### [Work to be completed]
Output only the lines below from the one containing "DIGGIT 10 FT" to the one containing "Lunch box with", exactly as written, both ends kept.

### [Extracted data]
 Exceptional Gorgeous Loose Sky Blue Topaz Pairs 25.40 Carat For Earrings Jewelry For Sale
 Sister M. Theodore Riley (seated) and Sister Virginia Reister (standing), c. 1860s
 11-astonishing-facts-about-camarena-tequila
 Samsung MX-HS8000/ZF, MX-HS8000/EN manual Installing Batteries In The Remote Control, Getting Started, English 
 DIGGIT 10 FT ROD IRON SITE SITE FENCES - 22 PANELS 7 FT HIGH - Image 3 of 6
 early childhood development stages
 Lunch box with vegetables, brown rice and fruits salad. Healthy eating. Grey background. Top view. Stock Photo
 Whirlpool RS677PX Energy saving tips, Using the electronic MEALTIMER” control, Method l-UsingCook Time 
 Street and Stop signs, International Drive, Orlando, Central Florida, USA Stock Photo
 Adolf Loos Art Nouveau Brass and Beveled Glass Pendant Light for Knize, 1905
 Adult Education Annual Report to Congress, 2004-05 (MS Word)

### [Exercise response]
 DIGGIT 10 FT ROD IRON SITE SITE FENCES - 22 PANELS 7 FT HIGH - Image 3 of 6
 early childhood development stages
 Lunch box with vegetables, brown rice and fruits salad. Healthy eating. Grey background. Top view. Stock Photo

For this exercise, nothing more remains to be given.